Your certificate of location

Thinking of selling your house? If so, it's time to comb through your filing cabinet and pull out a few documents.

You'll need to find the previous deed of purchase, which proves that you are indeed the owner of your home, as well as your most recent municipal and school tax bills. You'll also want to gather all bills for repair or renovation work done on the property, along with your energy bills for the past year.

If you live in a condo, add the following to the pile: the co-ownership agreement as well as the minutes of the syndicate of co-owners' general meetings and its financial statements.

And on top of all that, you'll need your certificate of location. Whoops! Here's where things might get tricky.

Is your certificate up to date?

The standard promise-to-purchase form from the Organisme d'autoréglementation du courtage immobilier du Québec (OACIQ, the provincial real estate and mortgage brokerage authority) stipulates that the seller must provide the buyer with a certificate of location describing the "current" state of the immovable (the property). It may well be that your certificate is obsolete—even if nothing on the property has changed since the certificate was issued.

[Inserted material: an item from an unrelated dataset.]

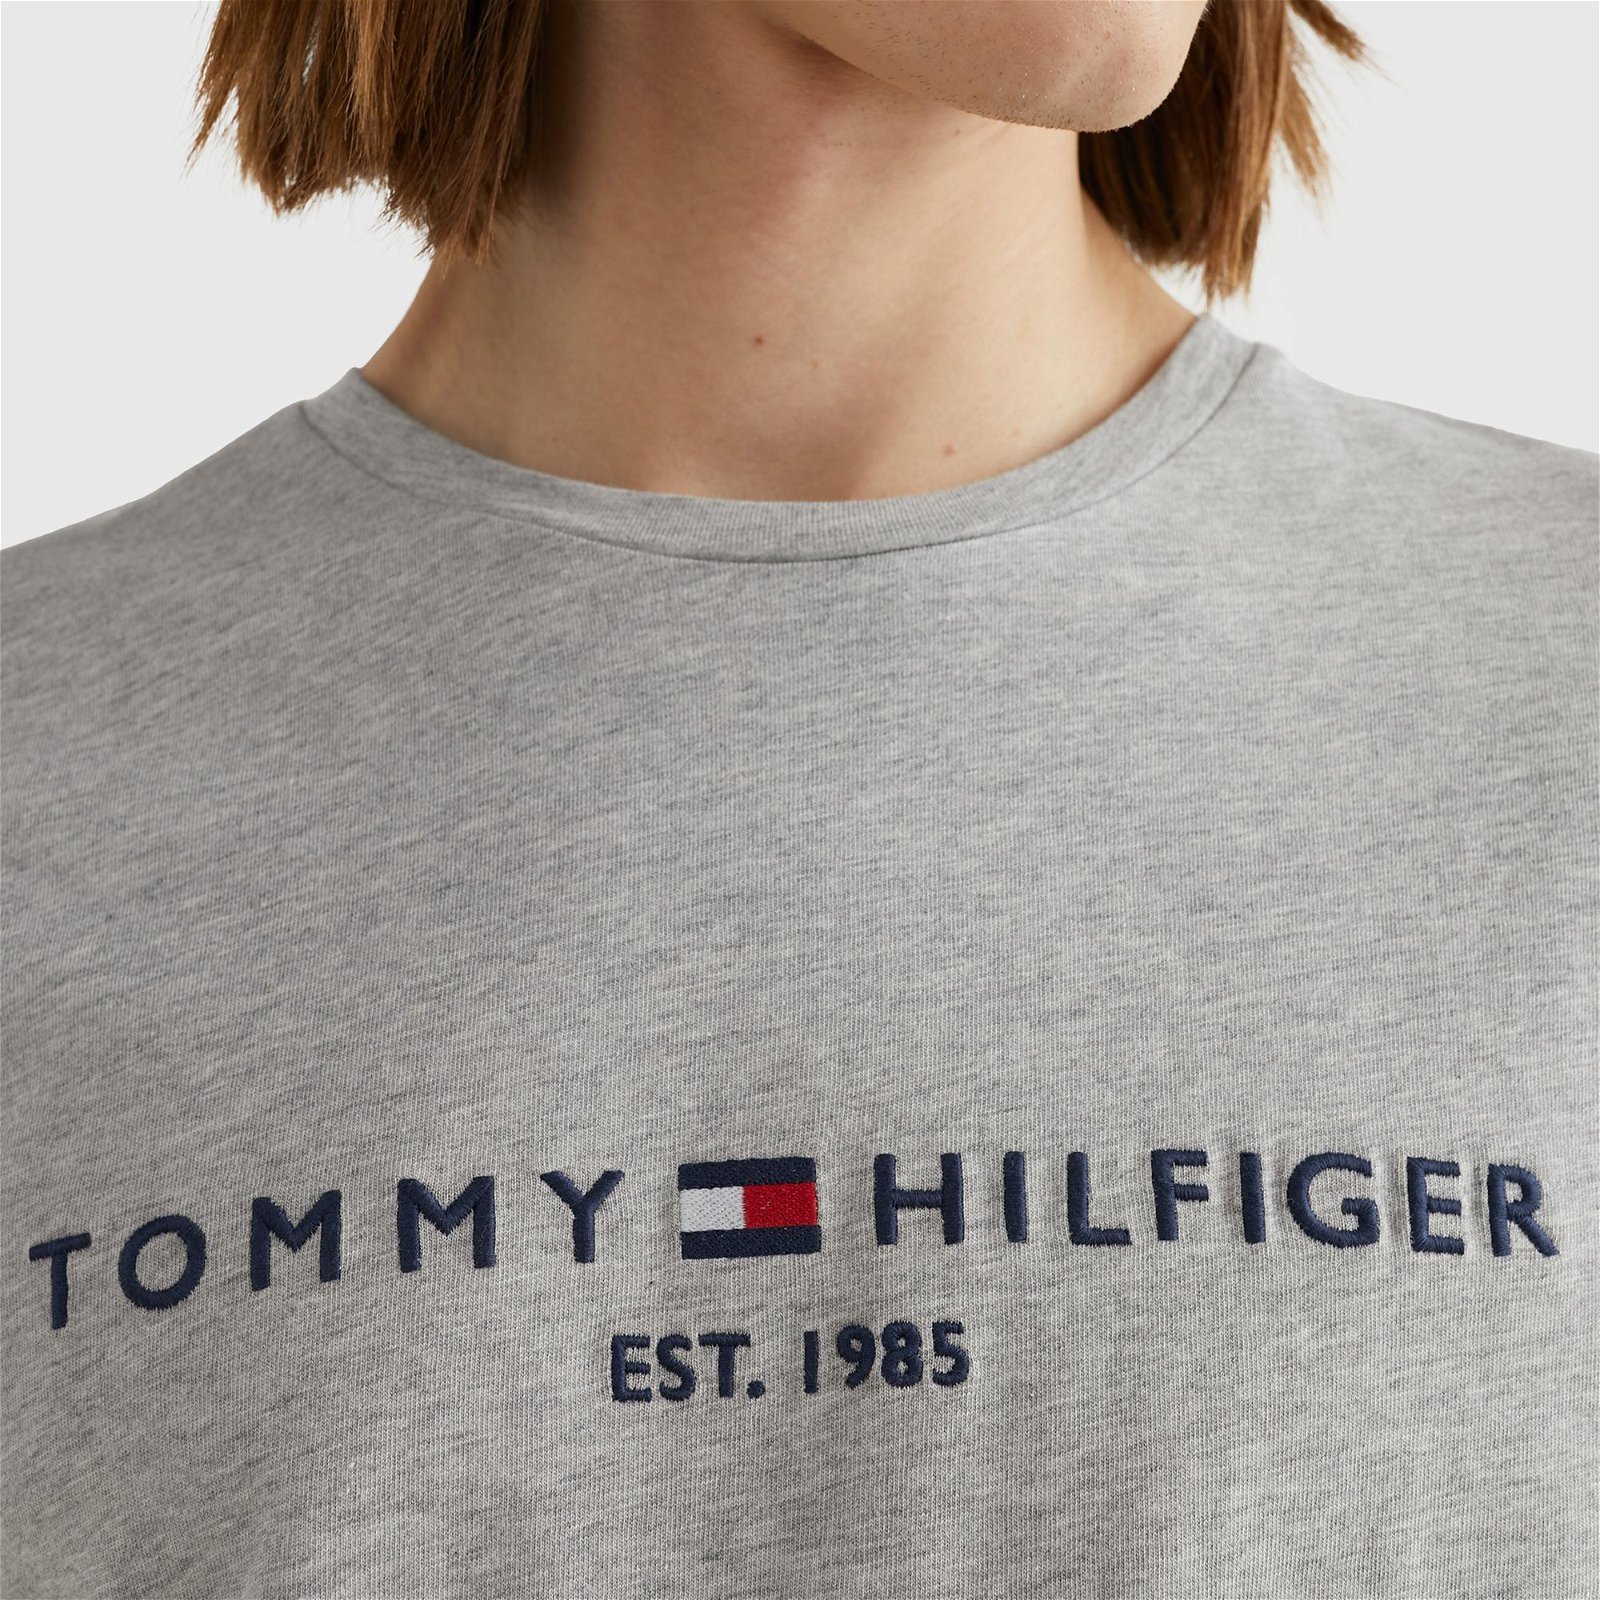 Tommy Hilfiger Erkek Gri T-Shirt

First, let's recap what the certificate of location is, exactly. It is a mandatory part of every real estate transaction, consisting of a plan and a report in which a land surveyor states their professional opinion on the state of your property. It informs the buyer, the notary and the mortgage lender of the laws that may affect the property in question.

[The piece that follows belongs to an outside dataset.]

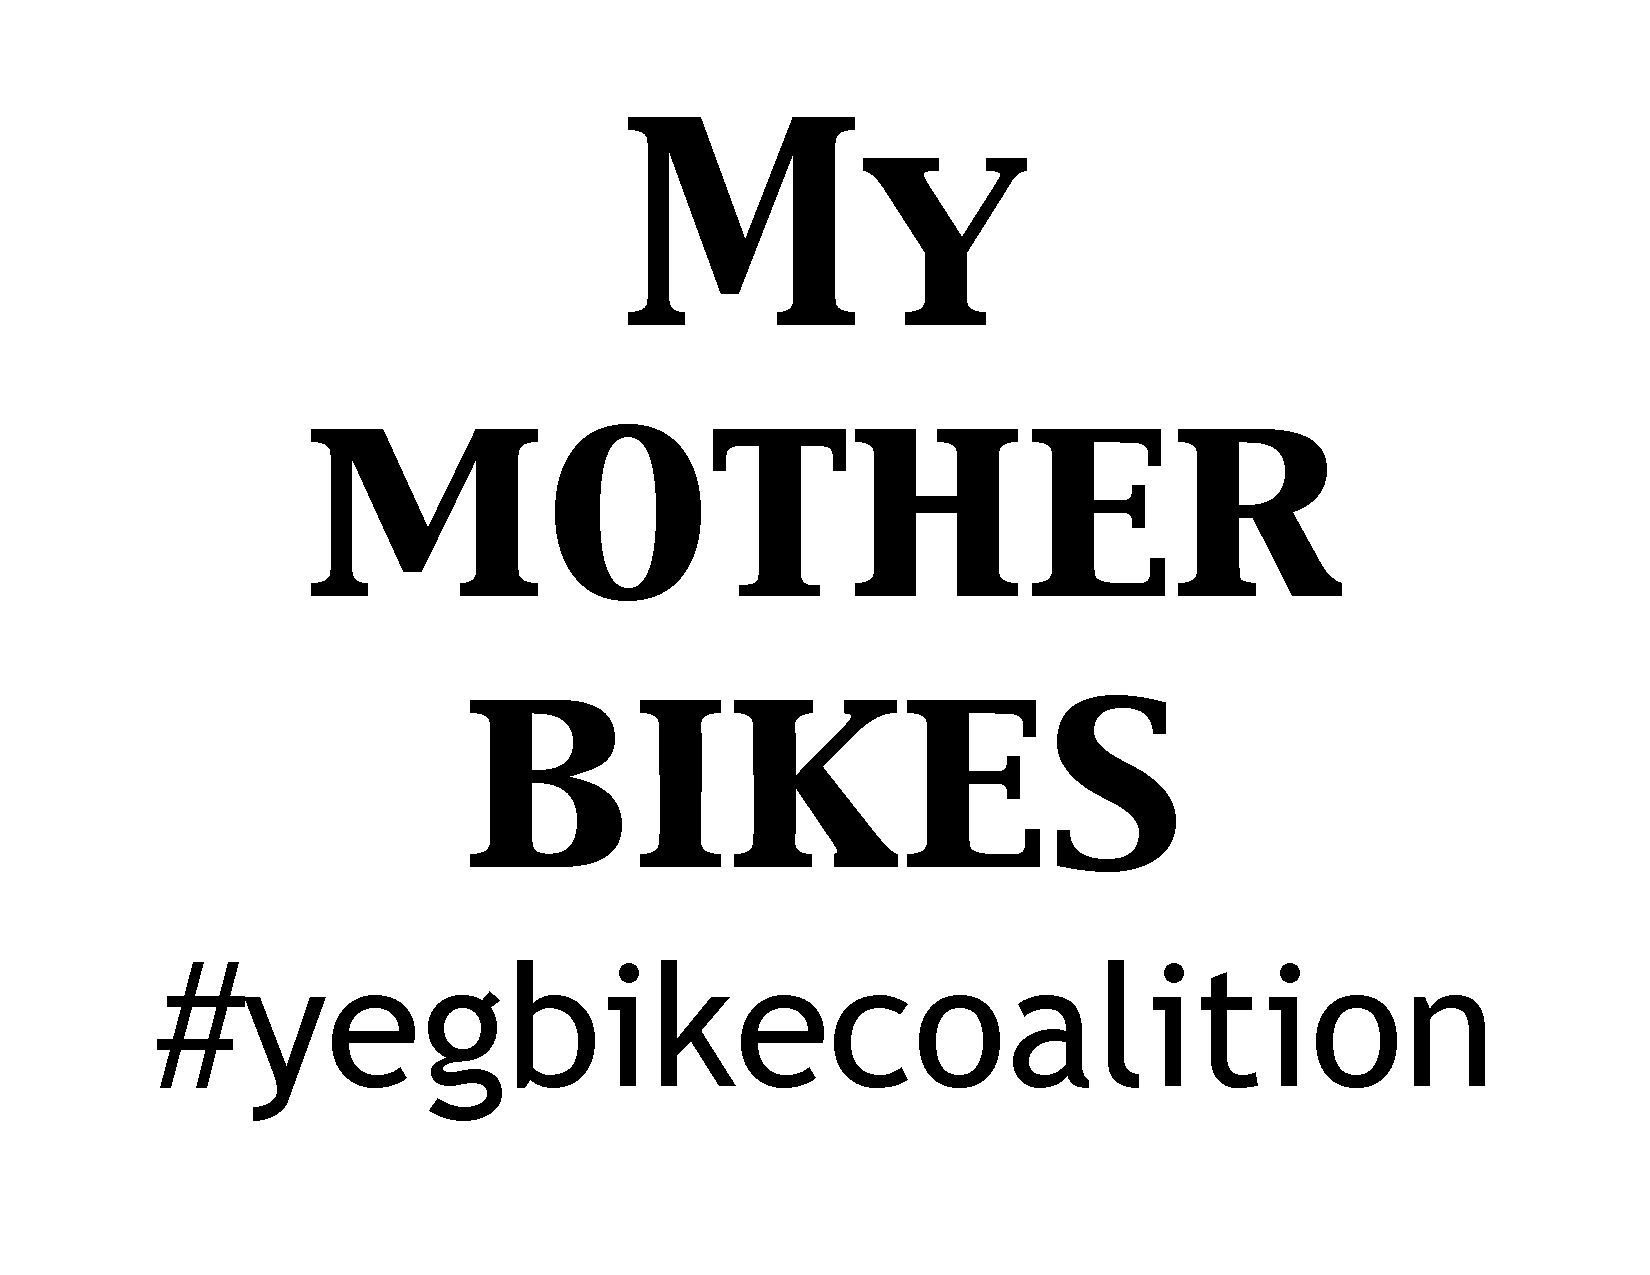 My mother bikes

The certificate includes everything and describes everything about the premises: the land, trees, fences, the building and its cladding, windows and balconies, the pool, the shed—everything. It also lists any easements on the property, such as rights of way or rights of view, or easements in favour of public utilities (e.g., Hydro-Québec).

The document also describes the state of your property in relation to provincial laws and municipal bylaws. In this area, the cadastral renewal (updating of the land registry) begun by the Québec government in the 1990s until 2021, as well as the new mapping of flood-prone areas established by the Ministry of Municipal Affairs could render your certificate of location obsolete.

As you can see, the more time has gone by, the greater the odds that your property situation has changed. It's quite likely that if your certificate of location is more than five years old, the notary will require a new one to be drawn up.

And one thing is now certain: after 10 years, it will expire. In 2017, the Supreme Court of Canada ruled (in Ostiguy v. Allie) that part of a property can be acquired, simply by lapse of time, if it has been occupied for more than 10 years without opposition. Consequently, any certificate of location dating back more than 10 years is too uncertain.

So, who pays?

It's up to the seller to provide the document, so they need to cover the cost of a new certificate, if one is required. However, if a buyer demands, in their promise to purchase, that a new certificate of location be produced but it turns out to be identical to the existing one, then the buyer must cover the cost of the new one.

Given that it can take from three to five weeks to receive a new certificate of location and the notary will need to see it before the signature of the deed of purchase, it's best to get this taken care of right away.